§ DATASET EXCERPT:
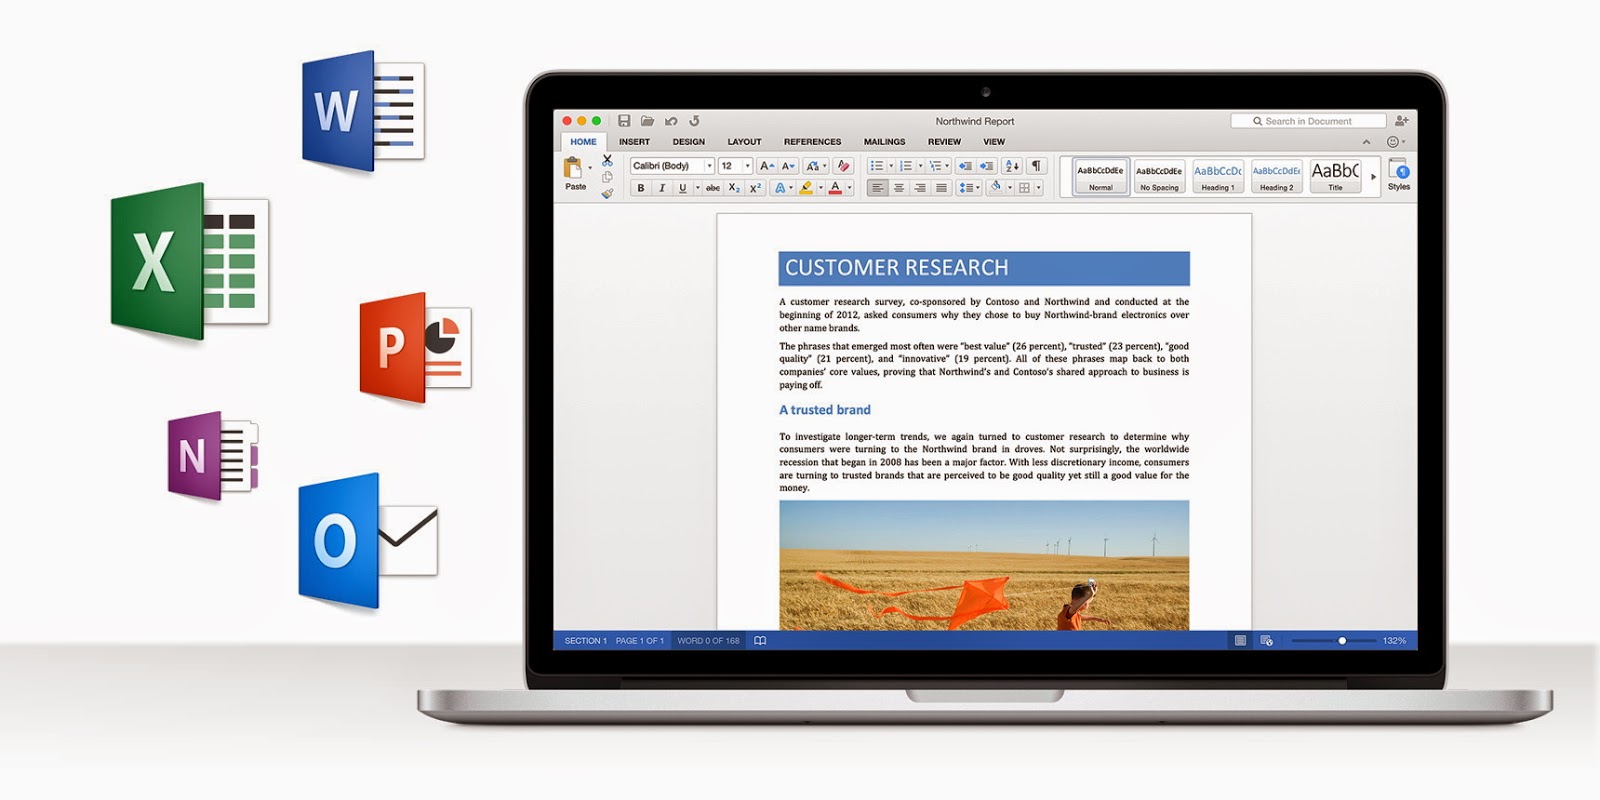 Microsoft Office Mac 2015 Free Download
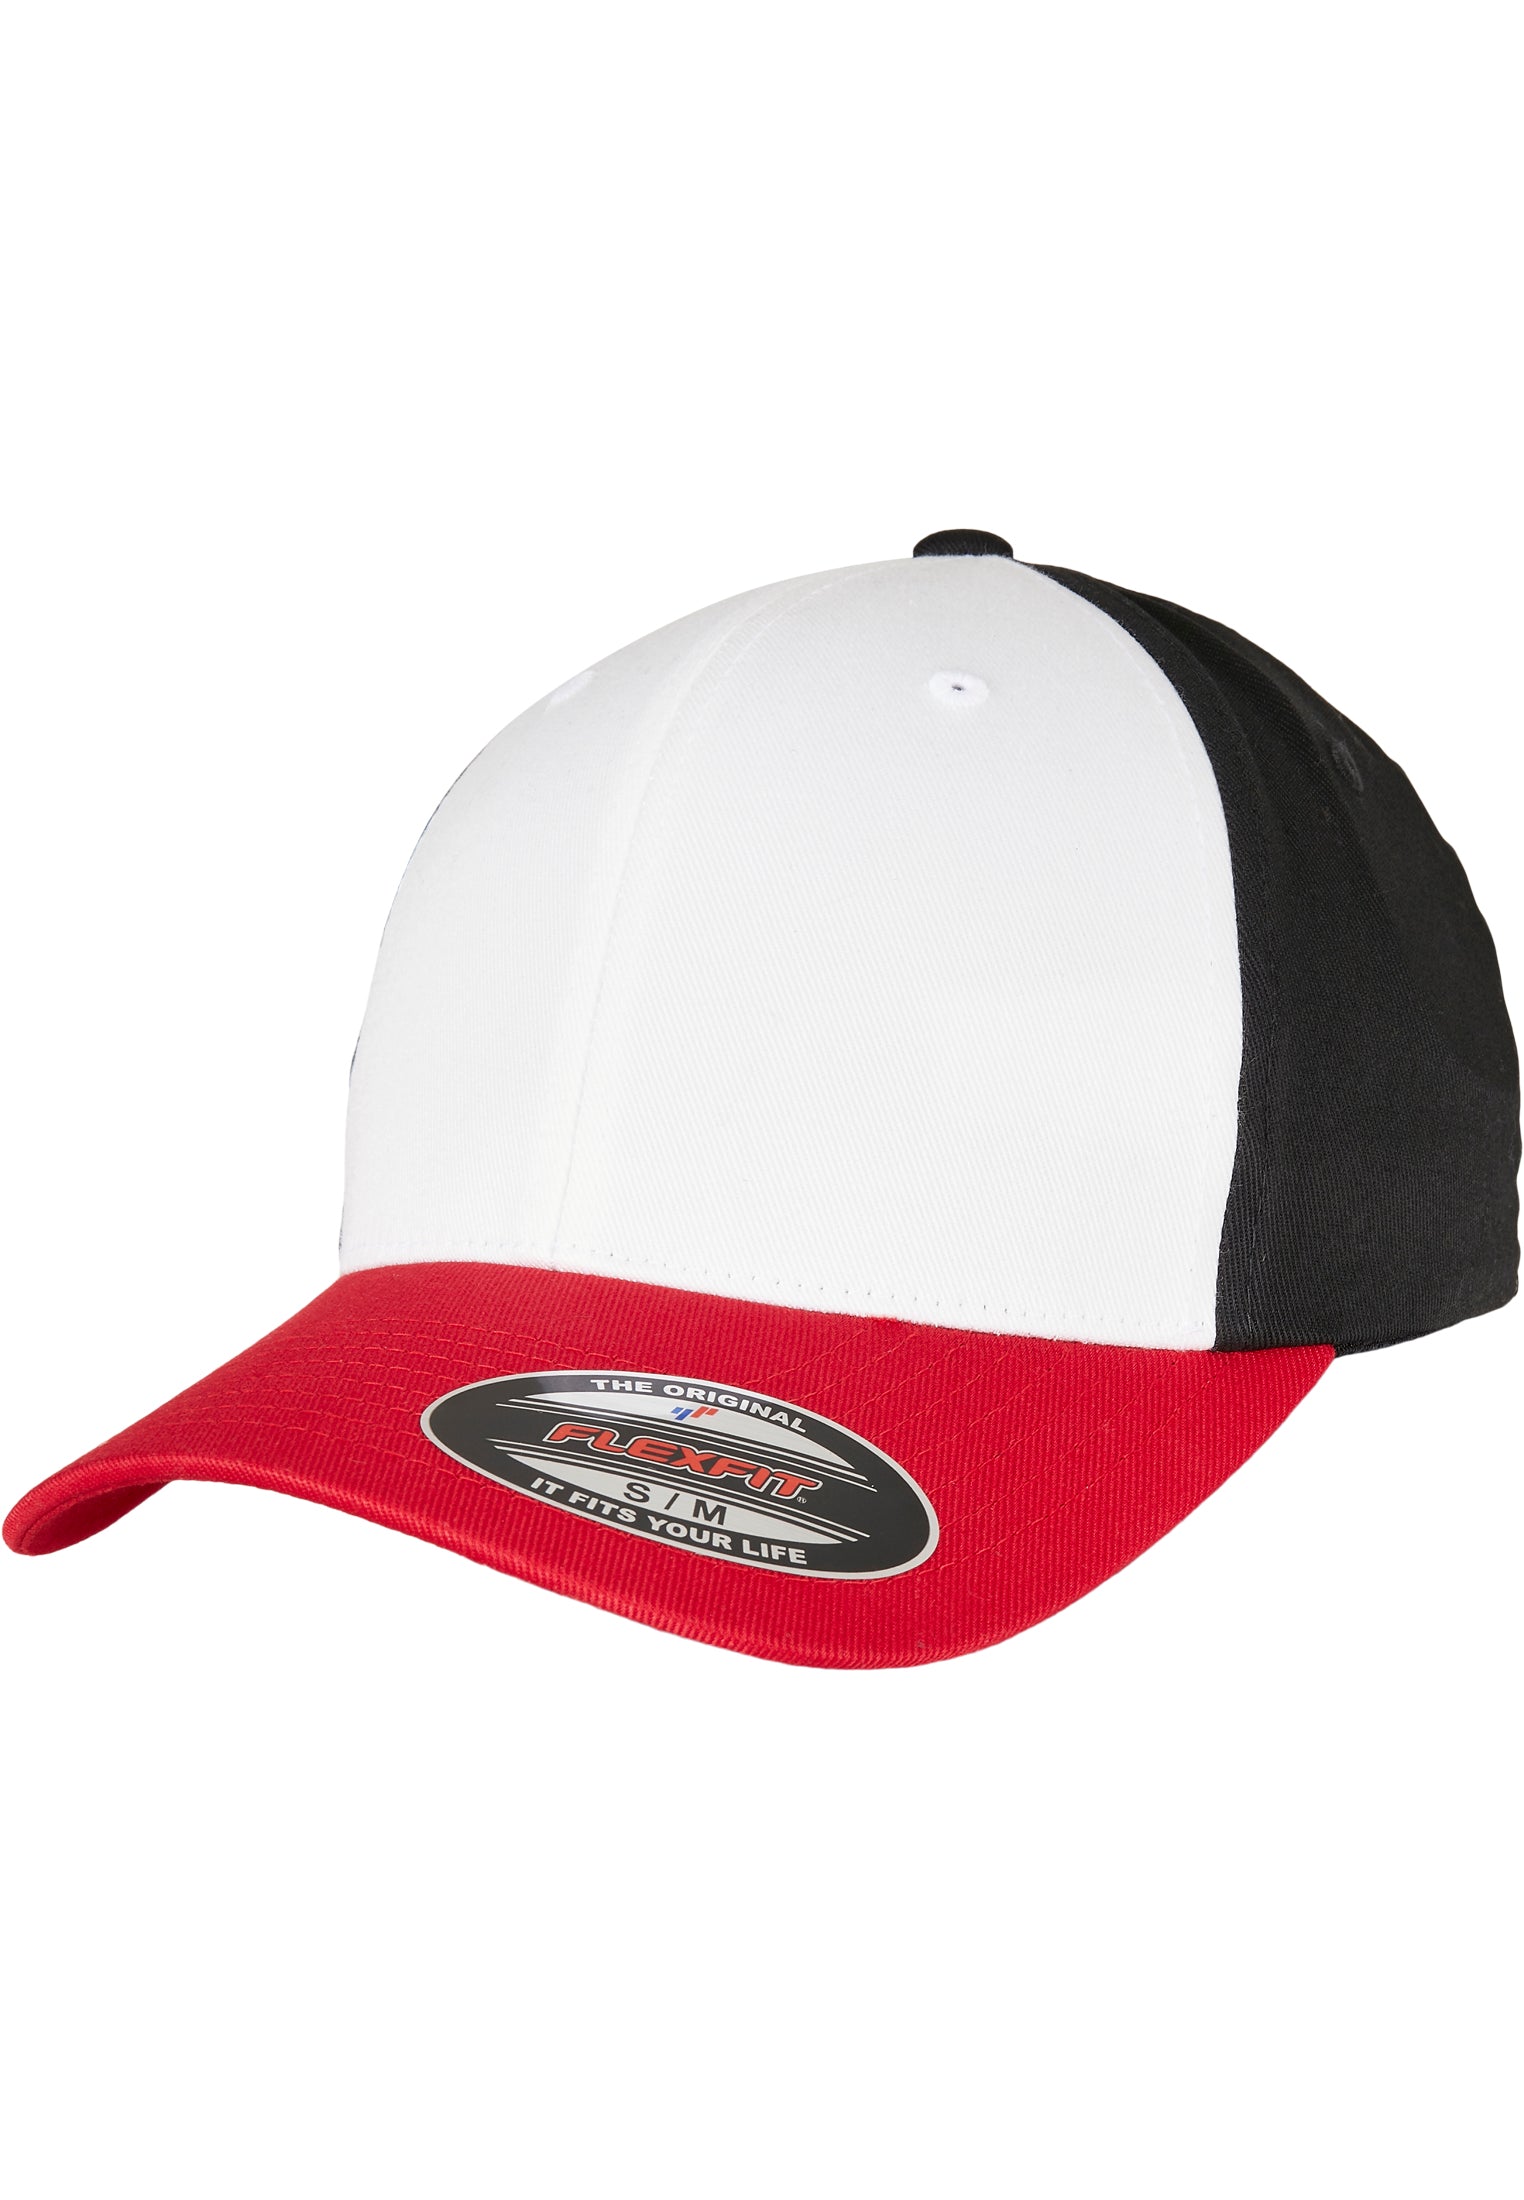 Caps TONE 3 Flexfit WOOLY COMBED Red/White/Black 6277TT CAP
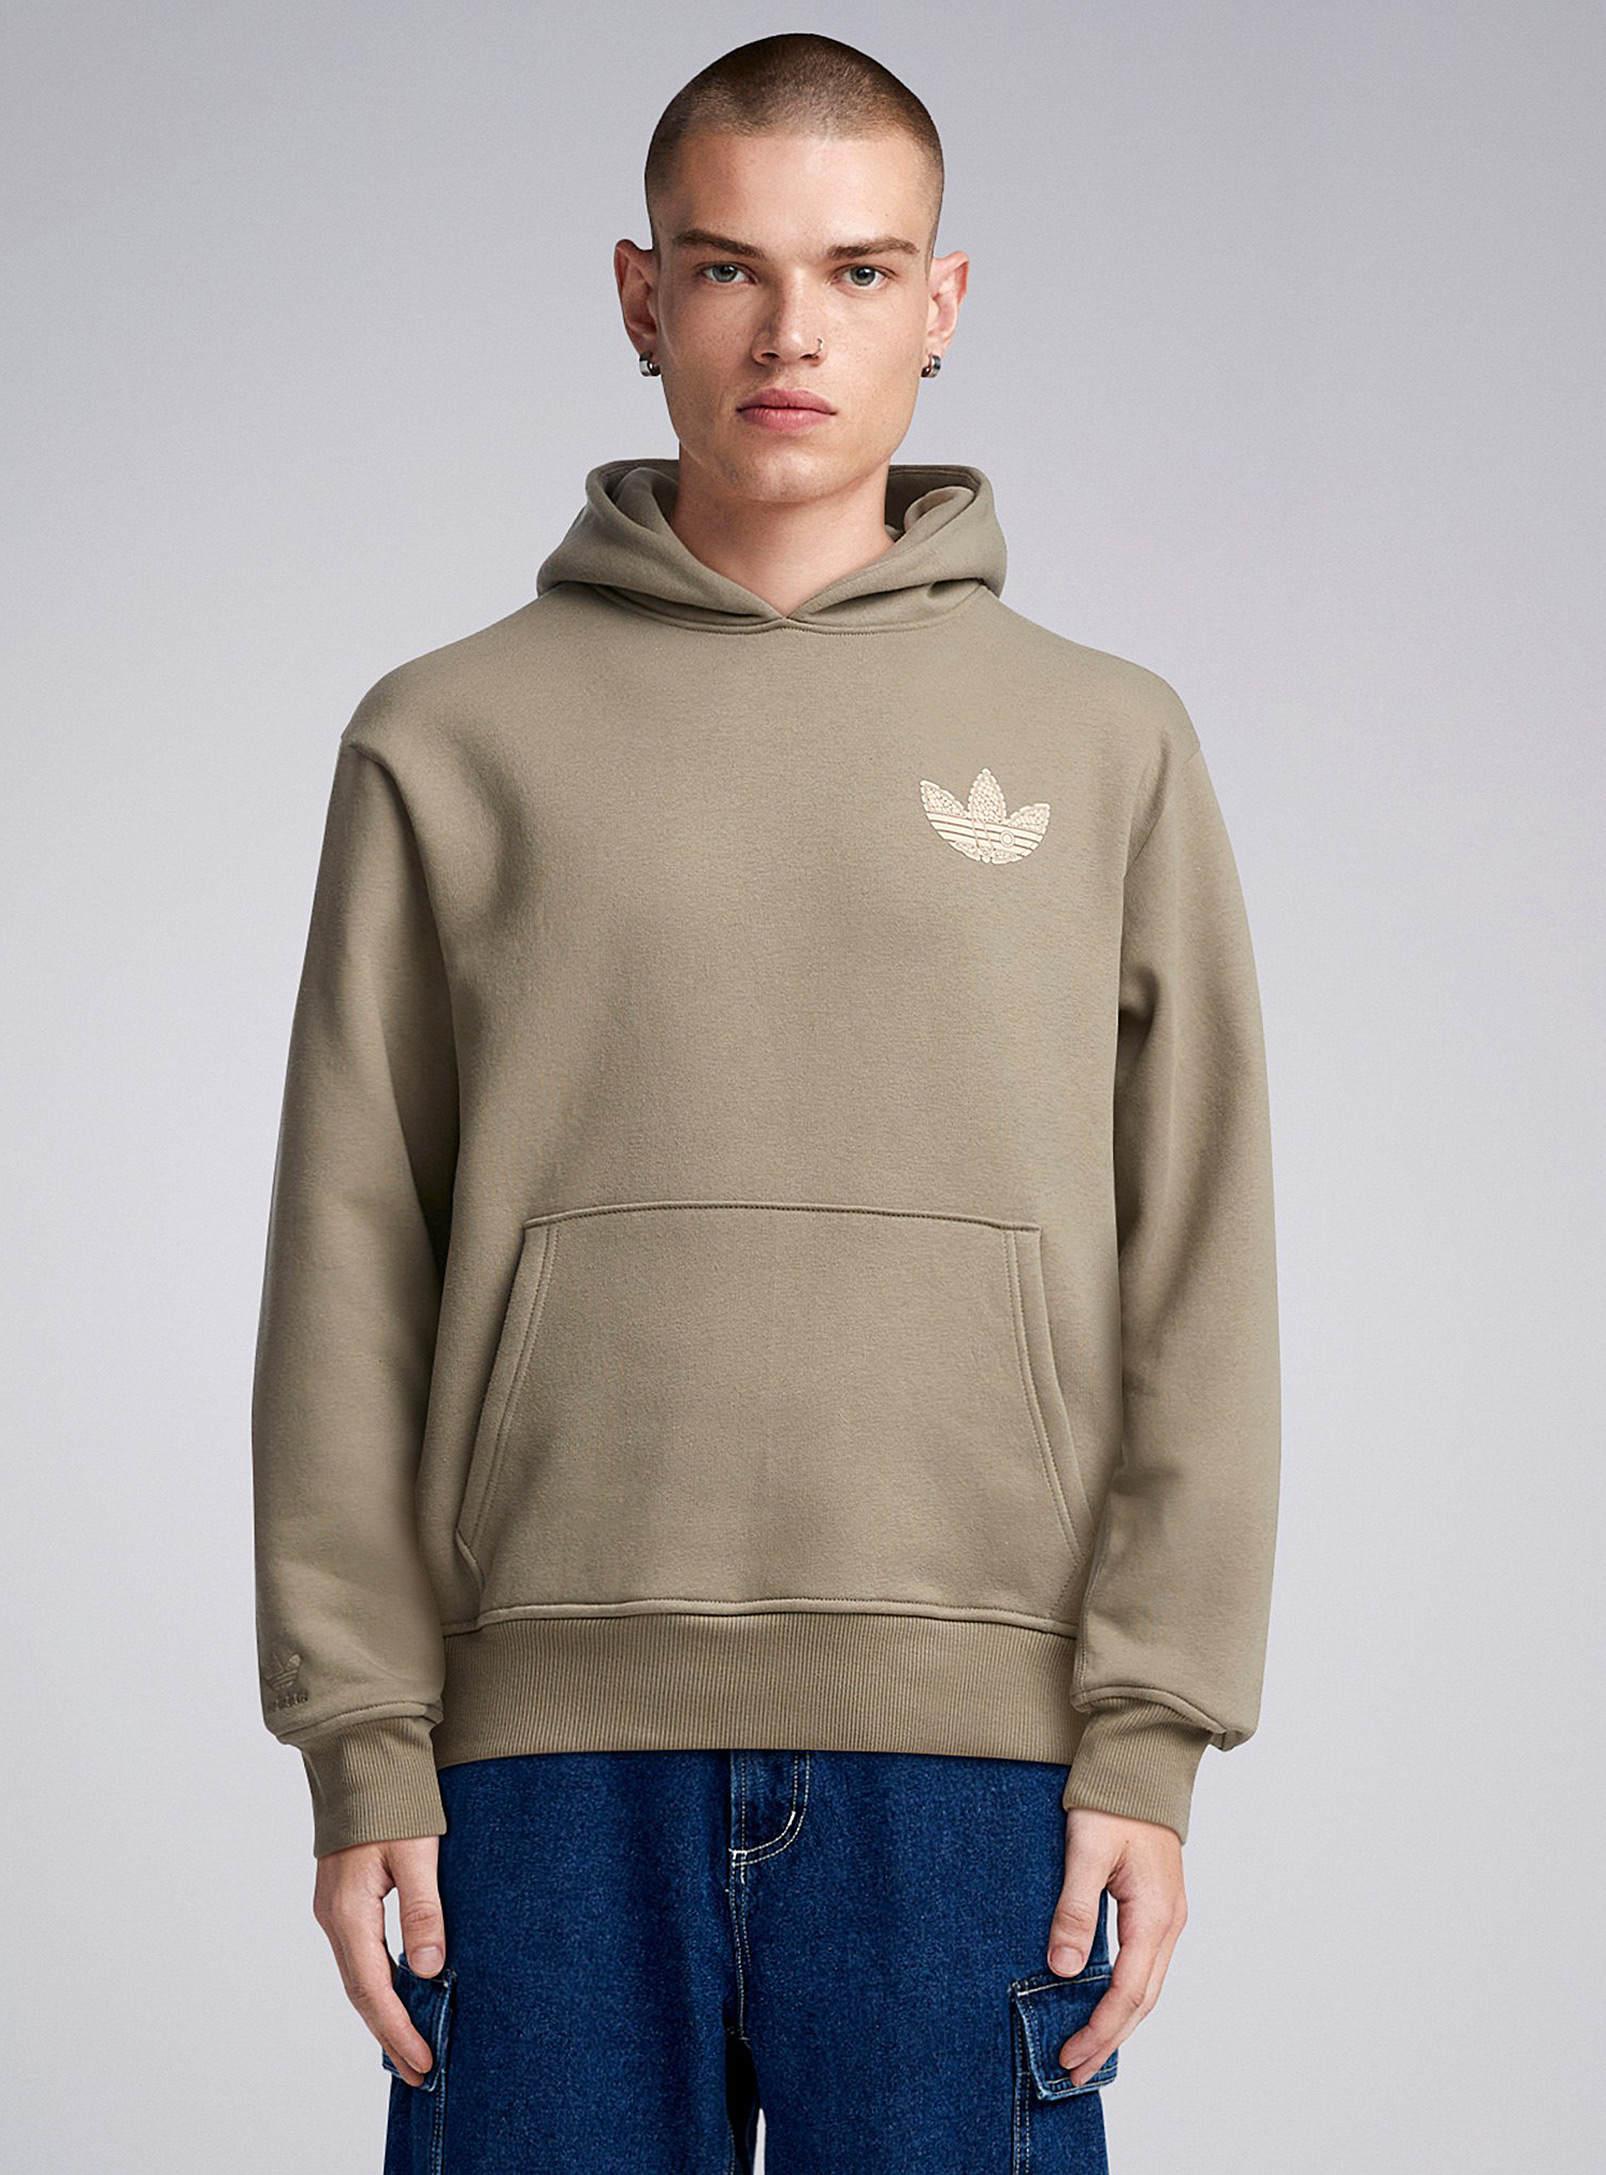 Adidas - Men's Graphic Trefoil logo hoodie

§ TASK PROMPT: Leaving every picture out, please copy exactly the lines from the one holding "Caps TONE 3" through the last line of the listing, both ends included.

§ REPLY TO THE TASK:
 Caps TONE 3 Flexfit WOOLY COMBED Red/White/Black 6277TT CAP
 Adidas - Men's Graphic Trefoil logo hoodie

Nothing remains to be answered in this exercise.